MATERIAL PROVIDED ->
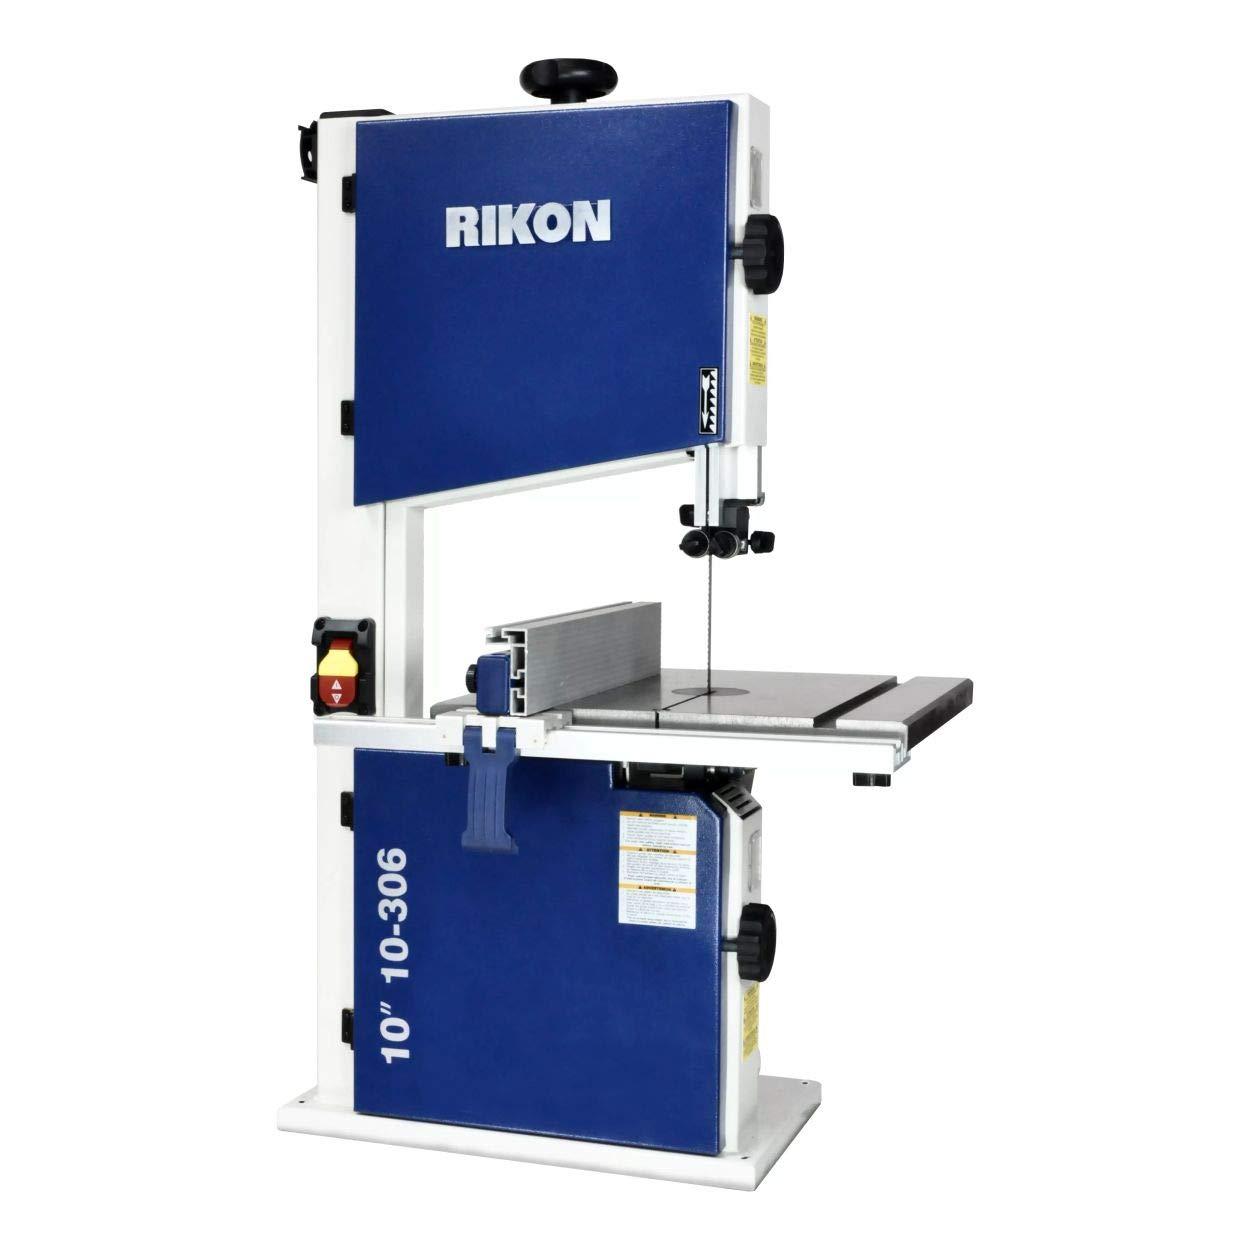 RIKON 10 In. Deluxe Bandsaw 1 2 HP
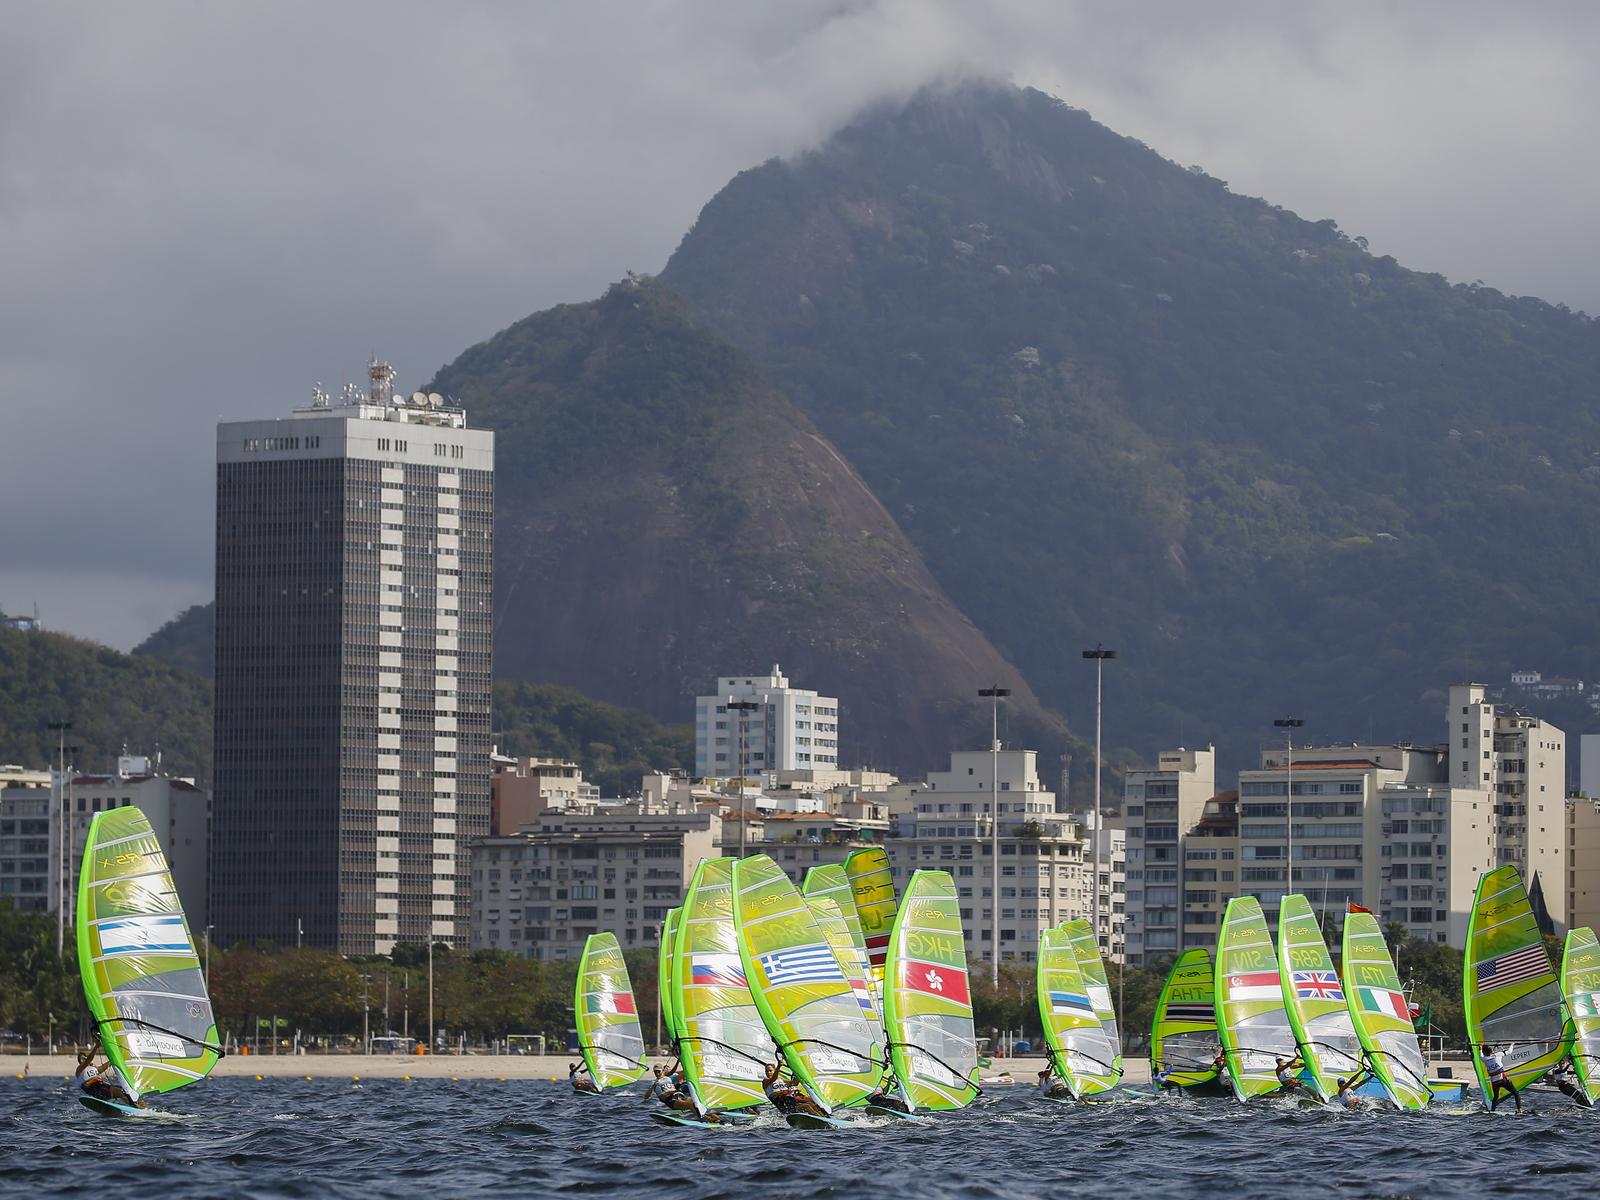 Соревнования виндсерферов в олимпийской бухте
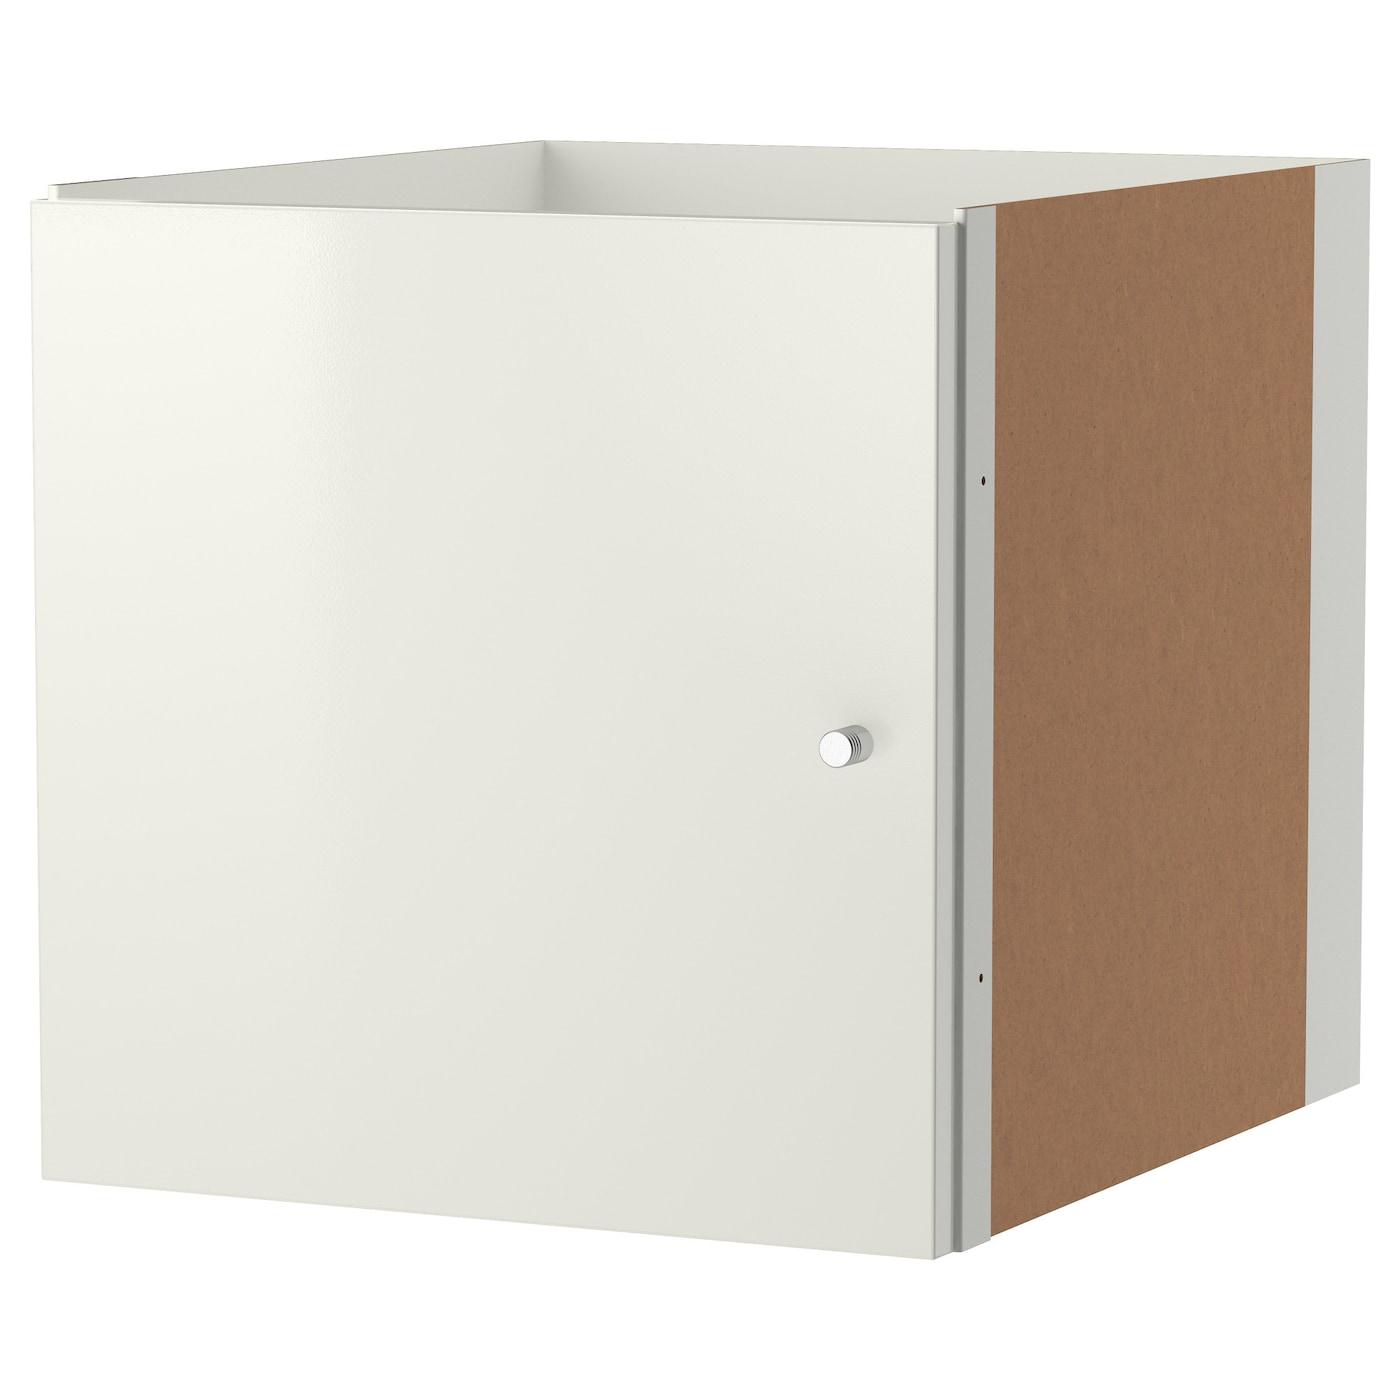 kallax desk combination white 77 x 147 cm ikea. Black Bedroom Furniture Sets. Home Design Ideas
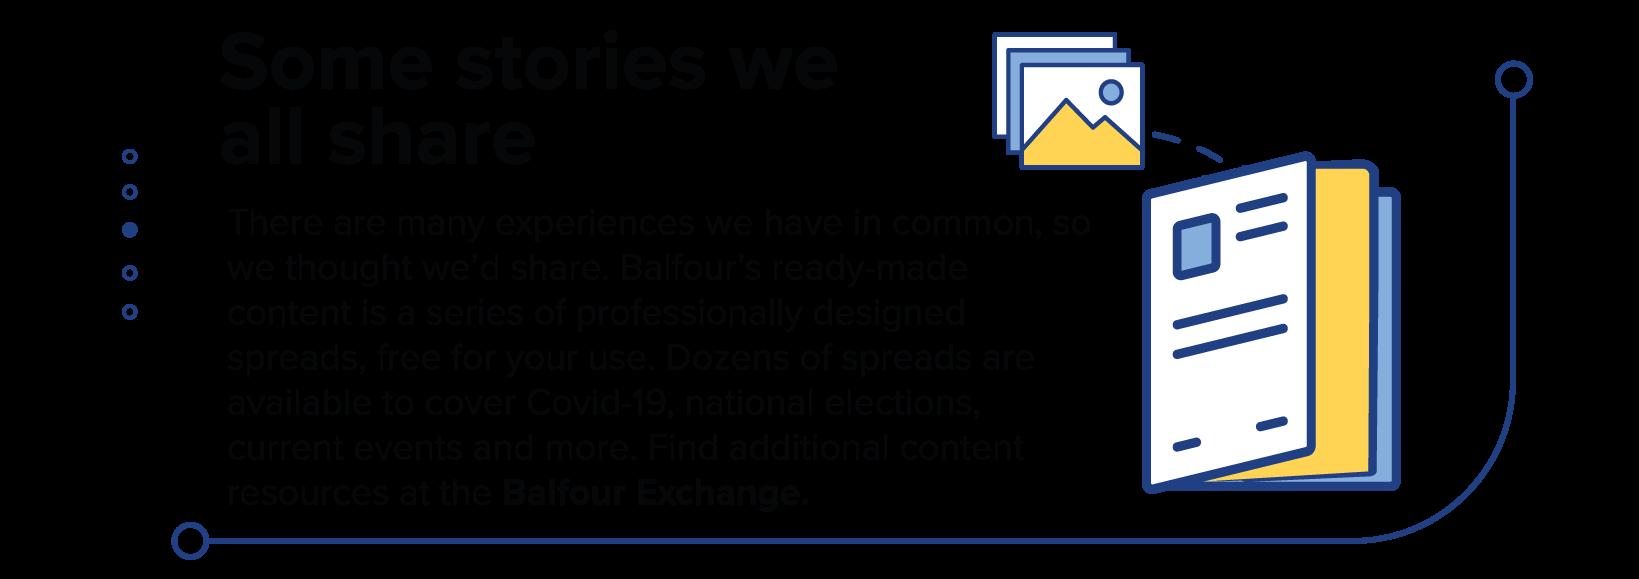 BalfourSolutions-04

EXERCISE BRIEF -> What you give back should be exactly the lines from the line holding "kallax desk combination" through the final line of the material, both ends included, and please leave out the pictures.

WRITTEN SOLUTION ->
 kallax desk combination white 77 x 147 cm ikea. Black Bedroom Furniture Sets. Home Design Ideas
 BalfourSolutions-04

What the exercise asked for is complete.